Их всех — это студийцев Евгения Багратионовича Вахтангова, рано умершего театрального реформатора, повлиявшего на несколько поколений русского театра. В его Студию ввел Антокольский Цветаеву. Но сначала он познакомил ее со своим другом, впоследствии известным актером и режиссером Юрием Завадским. В те поры Завадский был молодой красавец: высокий, статный, с ангельски-красивым лицом, с золотистыми кудрями и седой прядью. Был ли он талантливым актером? По-видимому, был. Цветаева писала после: Завадский «выказать — может, высказать — нет», что он хорош «на свои роли, то есть там, где вовсе не нужно быть, а только являться, представать, проходить, произносить». В ее устах эта характеристика – убийственна, однако тогда, в восемнадцатом-девятнадцатом годах ему, о нем, для него она писала свои романтические пьесы... Павлик Антокольский был «маленький, юркий, курчавый, с ба?чками, даже мальчишки в Пушкине зовут его: Пушкин». Цветаевой запомнились его «огромные тяжелые жаркие глаза» и «огромный» голос, которым Павлик читал стихи; его стихи Цветаевой нравились. В первый же вечер знакомства с Завадским, пораженная его и Антокольского взаимной любовью и дружбой, Цветаева написала им вместе стихотворение «Братья»:
Спят, не разнимая рук,
С братом – брат,
С другом – друг.
. . . . . . . . . . . . . . . . . . . . . . .
Этих рук не разведу.
Лучше буду,
Лучше буду
Полымем пылать в аду!
С этого началось, и запылало, и продолжалось больше года, превратившись в настоящий «театральный роман» с продолжениями.

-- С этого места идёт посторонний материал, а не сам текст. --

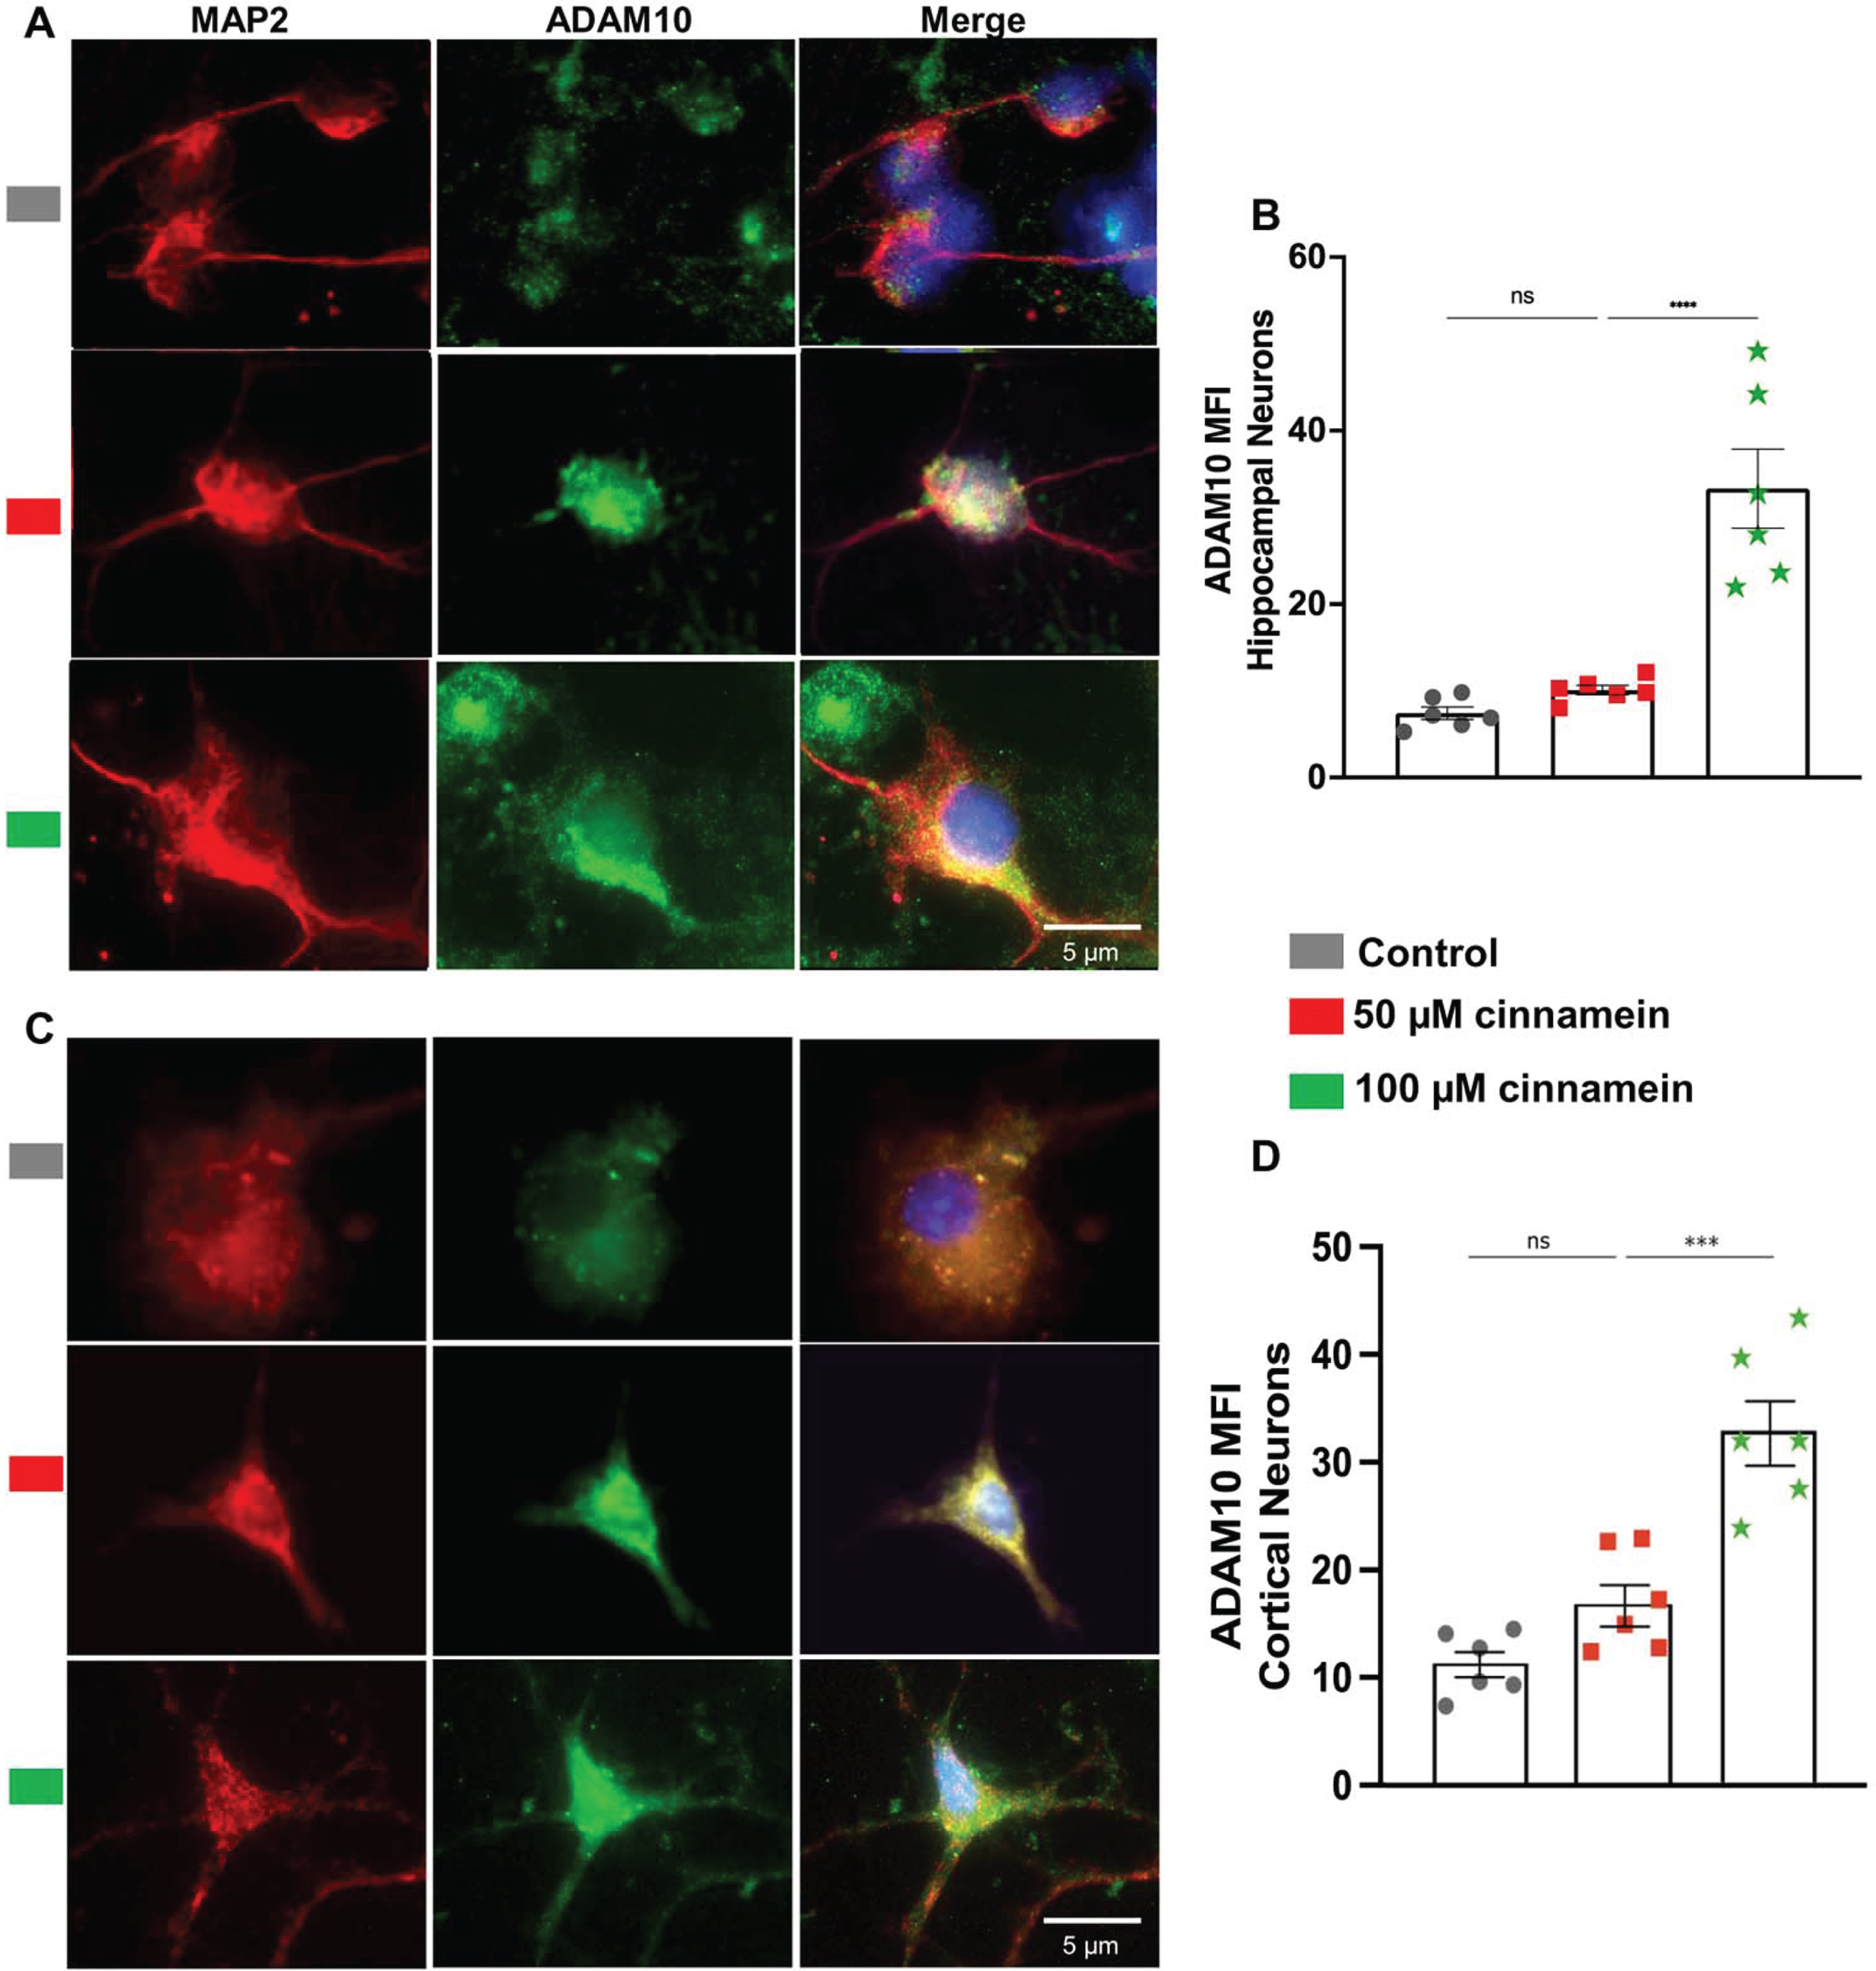 Cinnamein increases the expression of ADAM10 in primary mouse hippocampal and cortical neurons. Hippocampal (A) and cortical (C) neurons isolated from E18 non-transgenic mouse fetus were treated with 50 and 100 μM cinnamein for 18 hours followed by double-labeling of MAP2 and ADAM10. Mean fluorescence intensity (MFI) of ADAM10 was quantified in six hippocampal neurons (C) and cortical neurons (D) from three different experiments. All data, analyzed with Prism, represent the mean±SEM. One-way ANOVA followed by Šìdák’s multiple comparisons test was used for statistical analysis. ***p < 0.001; ns, not significant.

Цветаева увлеклась Завадским. Как почти всегда в ее «романах», и в данном случае трудно понять, насколько он был реален, какие отношения в действительности связывали его героев. Ясно одно – Цветаева была активной, любящей, одаривающей стороной. Завадский ее любовь принимал или – скорее – от нее уклонялся. Цветаева впоследствии писала о своей им «завороженности – иного слова нет». Из этой «завороженности» возникли ее пьесы, цикл стихов «Комедьянт», еще стихи. Уже давно развороженная, она писала о нем в «Повести о Сонечке», задним числом развенчивая своего «комедианта». Но и в стихах времен «романа» любовь и восхищение переплетались с иронией и самоиронией. Этот сладкий «герой-любовник» (таково было амплуа Завадского по театральной терминологии) принес ей немало горечи.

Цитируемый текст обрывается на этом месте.